1 Amazia, vijf en twintig jaren oud zijnde, werd koning, en regeerde negen en twintig jaren te Jeruzalem; en de naam zijner moeder was Joaddan, van Jeruzalem.

2 En hij deed dat recht was in de ogen des HEEREN, doch niet met een volkomen hart.

3 Het geschiedde nu, als het koninkrijk aan hem gesterkt was, dat hij zijn knechten, die den koning, zijn vader, geslagen hadden, doodde.

4 Doch hun kinderen doodde hij niet, maar hij deed, gelijk in de wet, in het boek van Mozes, geschreven is, waar de HEERE geboden heeft, zeggende: De vaders zullen niet sterven om de kinderen, en de kinderen zullen niet sterven om de vaders; maar een ieder zal om zijn zonde sterven.

5 En Amazia vergaderde Juda, en stelde hen, naar de huizen der vaderen, tot oversten van duizenden en tot oversten van honderden, door gans Juda en Benjamin; en hij monsterde hen, van twintig jaren oud en daarboven, en vond hen driehonderd duizend uitgelezenen, uittrekkende ten heire, handelende spies en rondas.

6 Daartoe huurde hij uit Israel honderd duizend kloeke helden, voor honderd talenten zilvers.

7 Maar er kwam een man Gods tot hem, zeggende: O, koning! laat het heir van Israel met u niet gaan; want de HEERE is niet met Israel, met alle kinderen van Efraim.

8 Maar zo gij gaat, doe het, wees sterk ten strijde; God zal u doen vallen voor den vijand; want in God is kracht, om te helpen en om te doen vallen.

9 En Amazia zeide tot den man Gods: Maar wat zal men doen met de honderd talenten, die ik aan de benden van Israel gegeven heb? En de man Gods zeide: De HEERE heeft meer dan dit, om u te geven.

10 Toen scheidde Amazia die af, te weten de benden, die uit Efraim tot hem gekomen waren, dat zij naar hun plaats gingen; daarom ontstak hun toorn zeer tegen Juda, en zij keerden weder tot hun plaats in hittigheid des toorns.

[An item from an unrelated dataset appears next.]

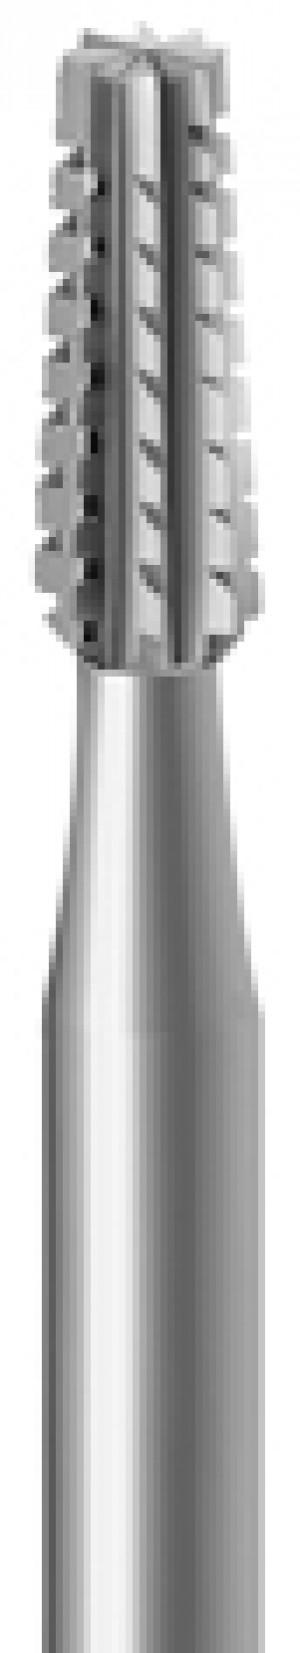 CROSS CUT CONE BUR 018
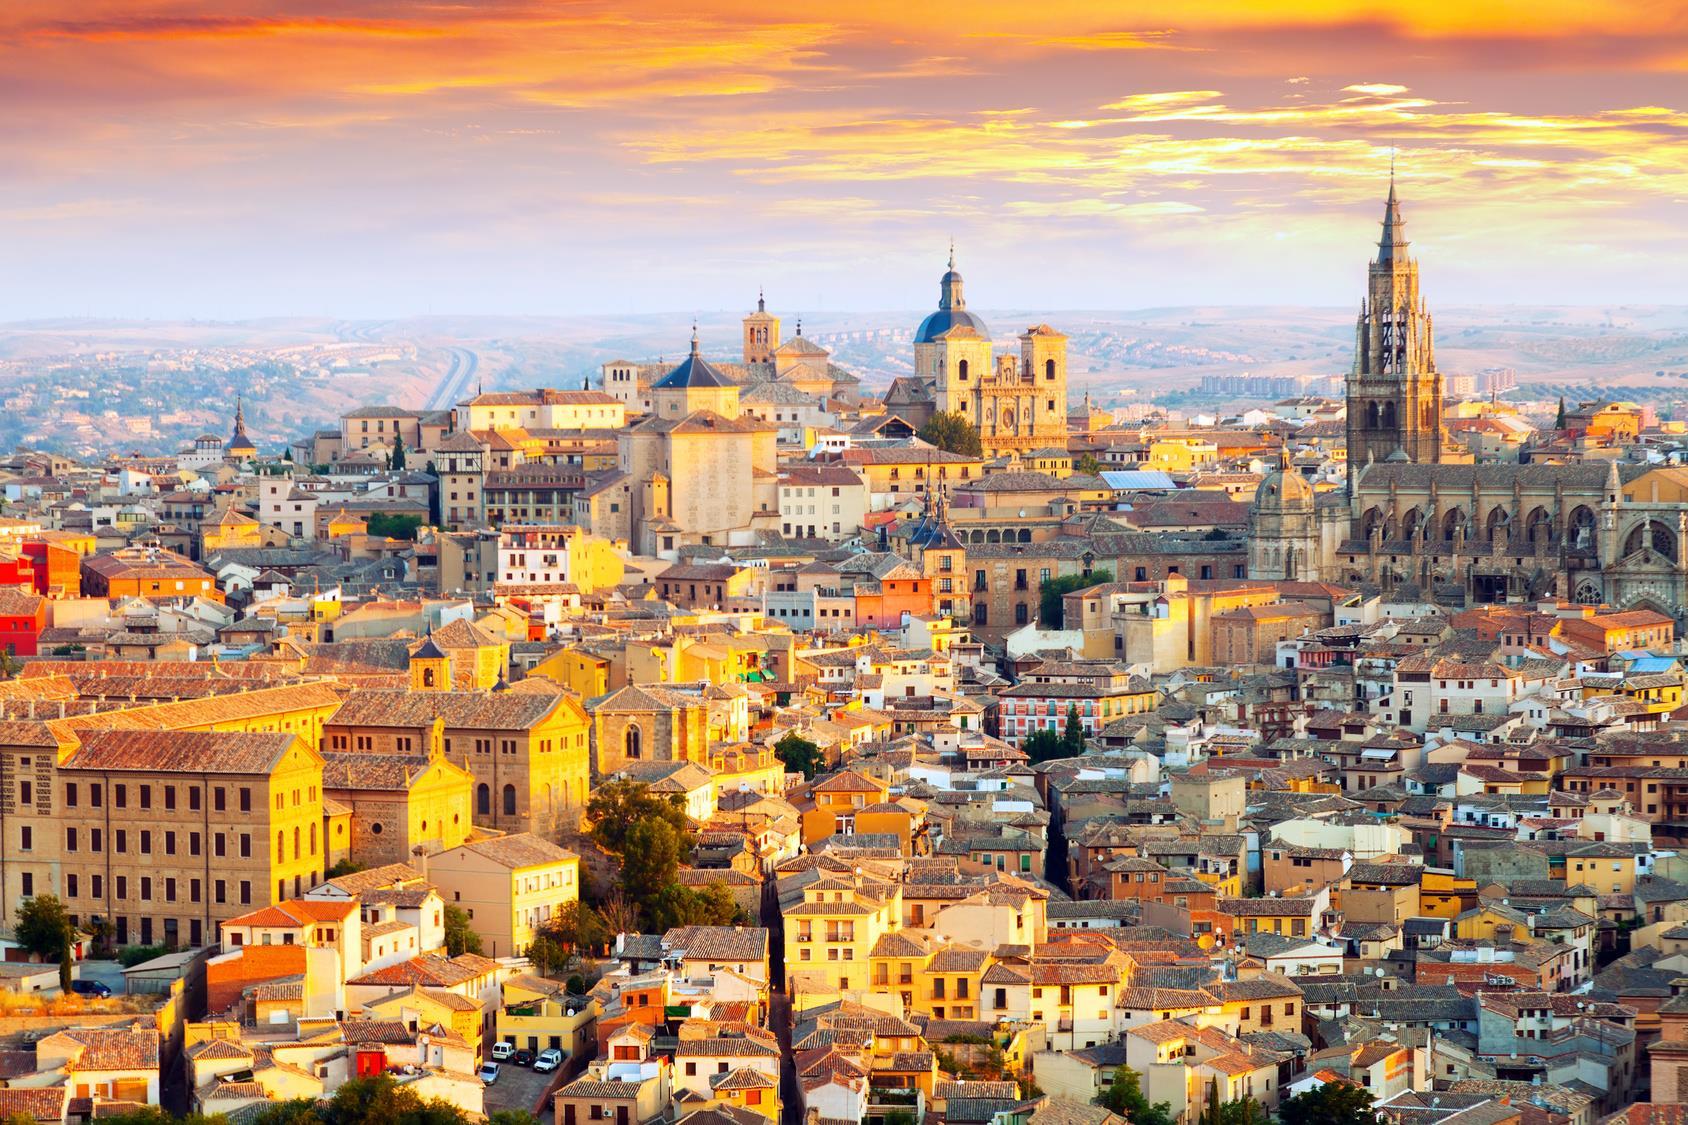 میراثی عجیب در اسپانیا

11 Amazia nu sterkte zich, en leidde zijn volk uit, en toog in het Zoutdal, en sloeg van de kinderen van Seir tien duizend.

12 Daartoe vingen de kinderen van Juda tien duizend levend, en brachten ze op de hoogte der steenrots, en stieten hen van de spits der steenrots af, dat zij allen barstten.

13 Maar de mannen der benden, die Amazia had doen wederkeren, dat zij met hem in den strijd niet zouden trekken, die deden een inval in de steden van Juda, van Samaria af tot Beth-horon toe, en sloegen van hen drie duizend, en roofden veel roofs.

14 Het geschiedde nu, nadat Amazia van het slaan der Edomieten gekomen was, en dat hij de goden der kinderen van Seir medegebracht had, dat hij die zich tot goden stelde, en zich voor dezelve neder boog en dien rookte.

15 Toen ontstak de toorn des HEEREN tegen Amazia; en Hij zond tot hem een profeet, die zeide tot hem: Waarom hebt gij de goden van dat volk gezocht, die hun volk niet gered hebben uit uw hand?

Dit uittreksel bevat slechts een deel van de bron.